The company has developed an interactive software platform that helps smaller factories reduce mistakes, increase output and collect more data to build digital twins of their manufacturing processes. Pico’s no-code device library and internet of things (IoT) network to make it easier to connect machines to a consolidated monitoring system. It also makes it easier to publish operating instructions for guiding operators through specific manufacturing steps.
Keeping factories moving
Pico CEO and cofounder Ryan Kuhlenbeck spent the first part of his career with GM and Tesla fighting issues with their suppliers to keep the larger factories moving.
“It was clear these smaller factories had very limited access to the tools and techniques used by large companies and this had to change in order to allow US manufacturing to be successful into the future,” Kuhlenbeck said.
Kuhlenbeck later met the company’s other cofounders Geoff Bucks, and Zac Nelson. Together, the three launched Pico in 2019 to help address some of the challenges they had previously encountered working at small manufacturers.
“The early Pico team all come from small manufacturing towns, where the ability to have successful midsize factories directly impacts the lives of our friends and family. It is personal for us,” Kuhlenbeck said,
From paper to digital twins
At the moment, small manufacturers tend to keep paper records and use Excel spreadsheets to track manufacturing progress. Kuhlenbeck claims that about 90% of small and midsize factories lack an MES.

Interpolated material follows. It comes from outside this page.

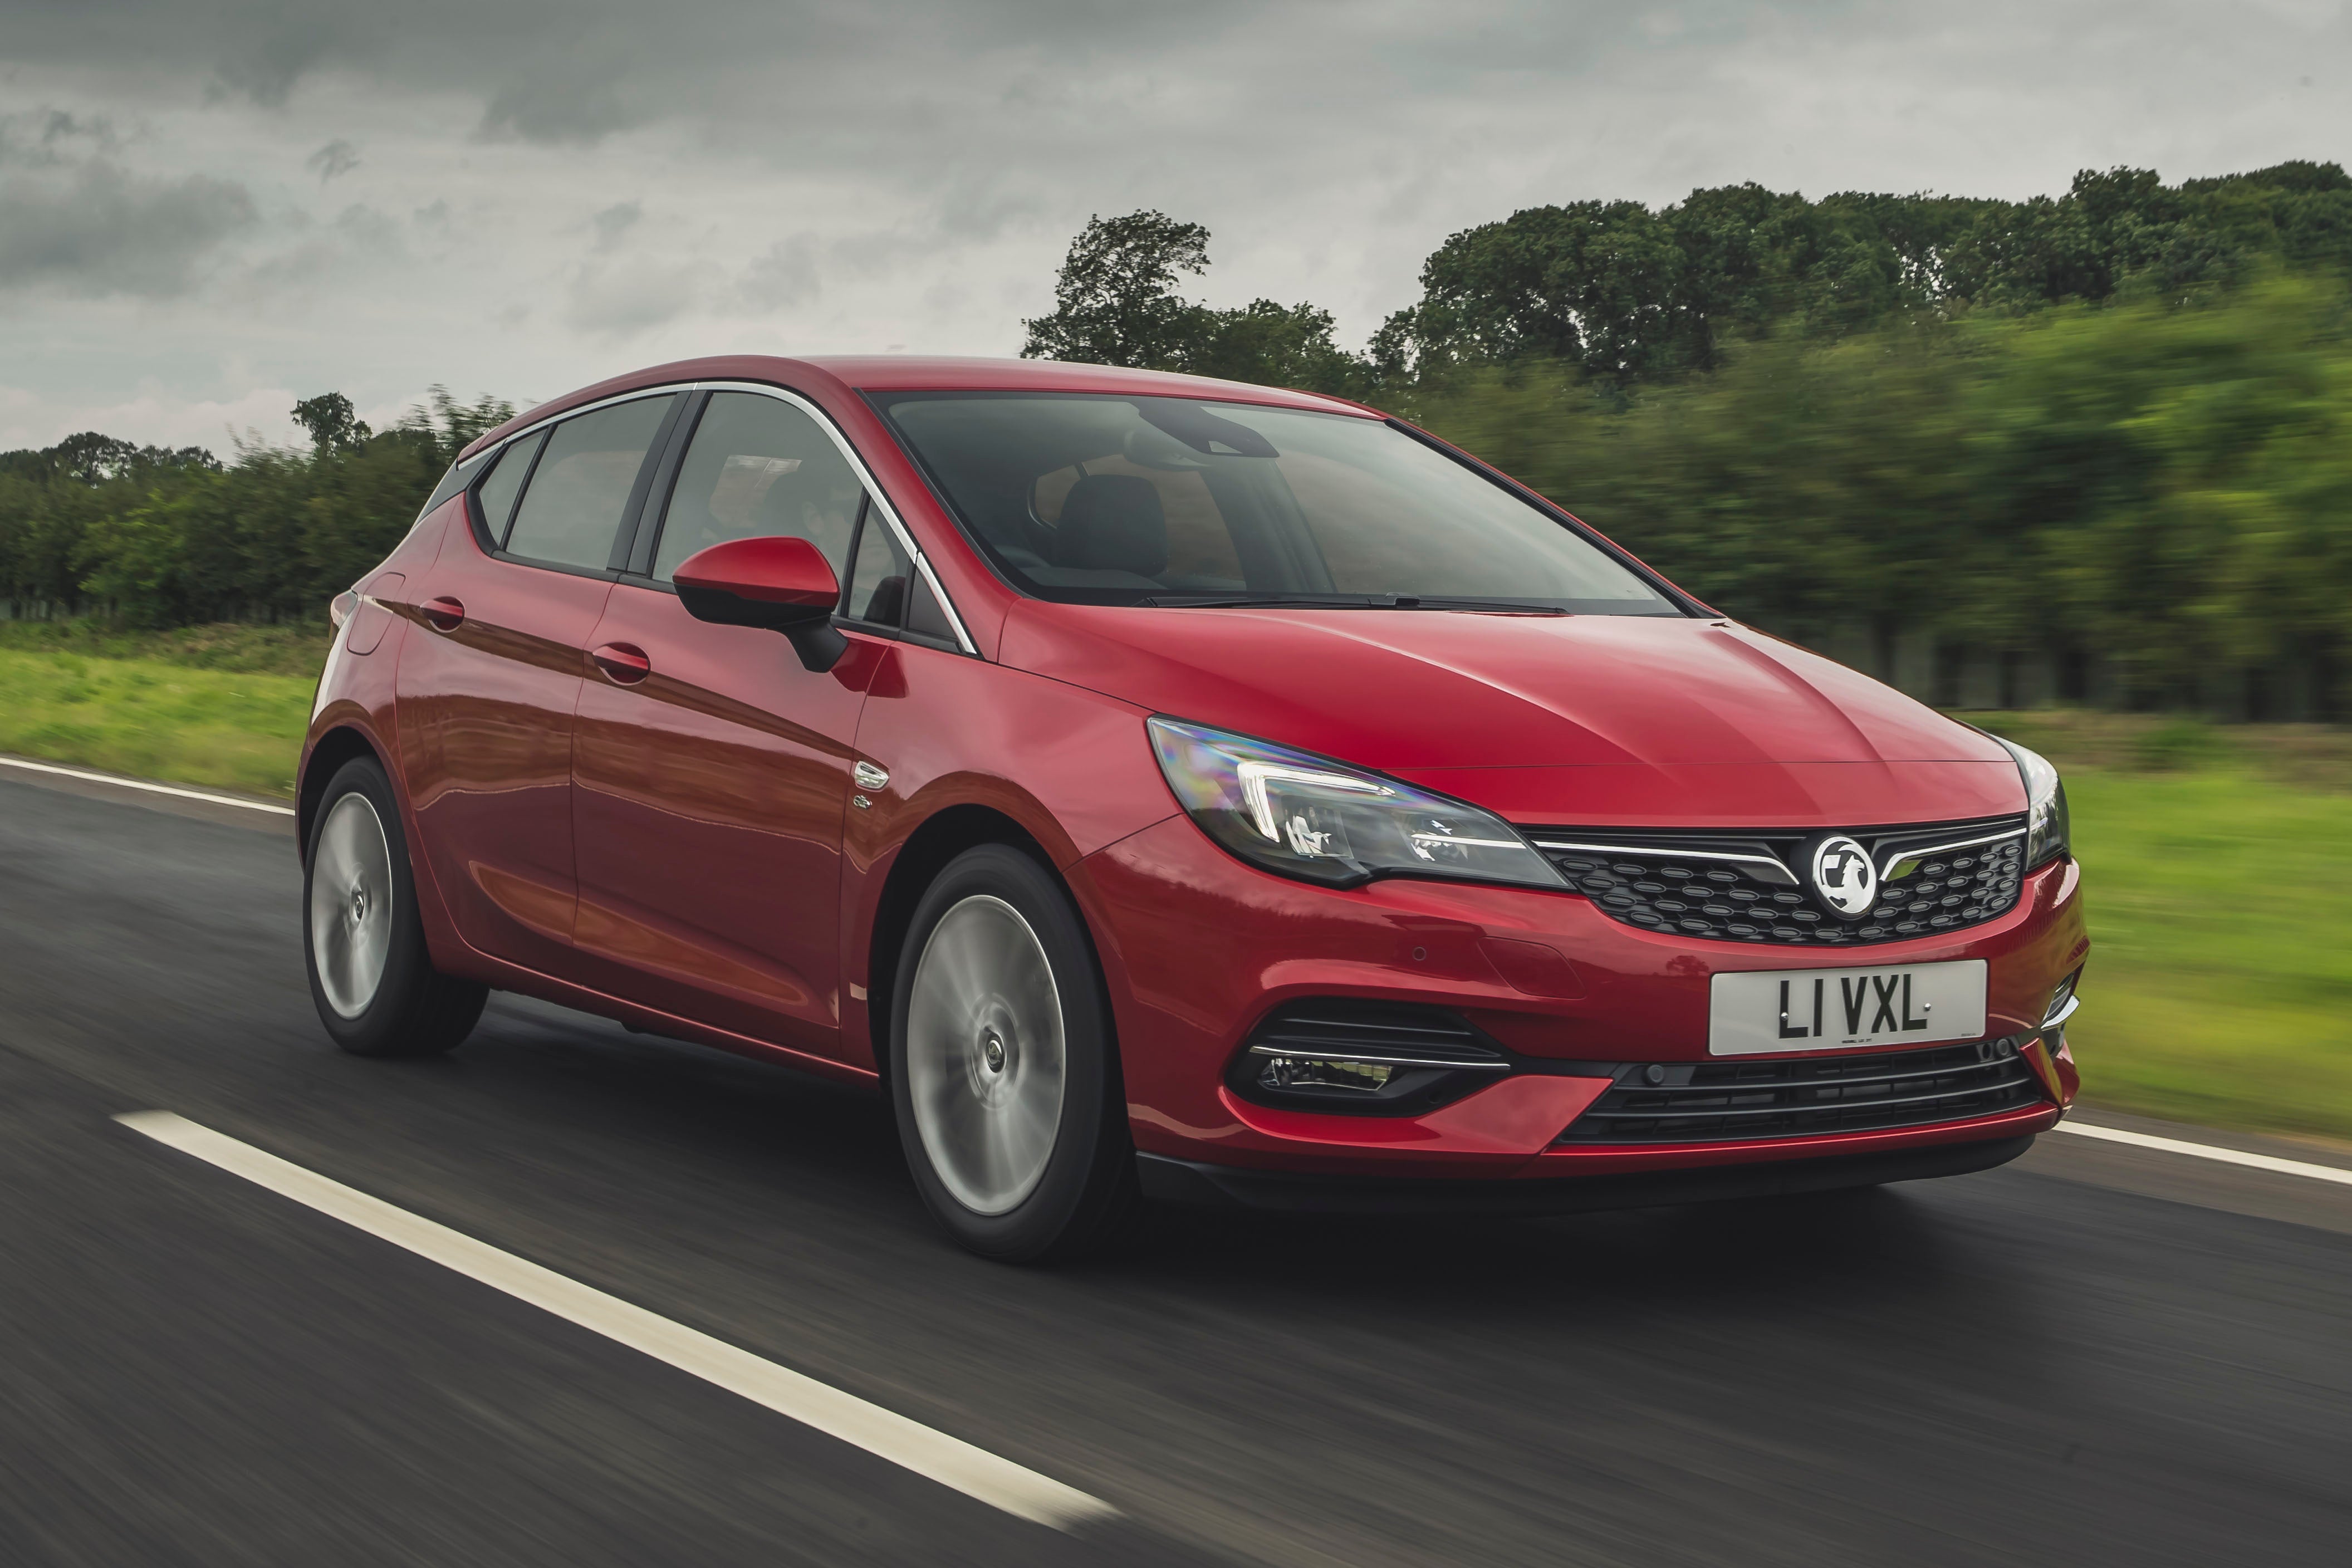 Used Vauxhall Astra (2015 - 2023) Review: Front Side View

“Legacy systems were designed for the complexities of the large manufacturers, making them expensive, difficult to use and requiring specialized support personnel,” he said.
Pico makes it easier for these smaller firms to get started in as little as a day. A pre-built library of tools and machine integrations reduces the need for software engineers to set up the system. Pico also provides low-cost IoT hardware for connecting devices into the factory that is dramatically less expensive than the programmable logic controllers (PLCs) and industrial PCs used in traditional MES apps.
The system also comes with an error-proofing capability that can automatically stop a tool when an error is detected, so the operator can fix it. This is often an expensive add-on for other MES apps.
Pico also helps integrate all documentation and workflows into a digital twin of what is supposed to happen and records what actually happens at each production step. The data is transformed into actionable feedback to supervisors and engineers on exactly where to target continuous improvement activities.
A growing market
Markets and Markets predicts the MES market could grow from $11.5 billion in 2021 to $17.1 billion by 2026. Leading MES vendors include companies like ABB, Aveva, Dassault Systèmes, Honeywell, Rockwell, SAP, GE and Oracle.
Congruent Ventures led the round along with Union Labs, previous investors, Lemnos Labs and SE Ventures, the venture investing arm of Schneider Electric. Pico has raised a total of $8 million total, including the $6.75 in seed funding.
The money will scale the sales and marketing teams and further expand the feature set within Pico MES, including their automated business intelligence platform and scope 3 emissions tracking suite.
Down the road, Kuhlenbeck said they are working to support future technology like AR/VR and advanced robotics as these become more practical for small and midsize factories.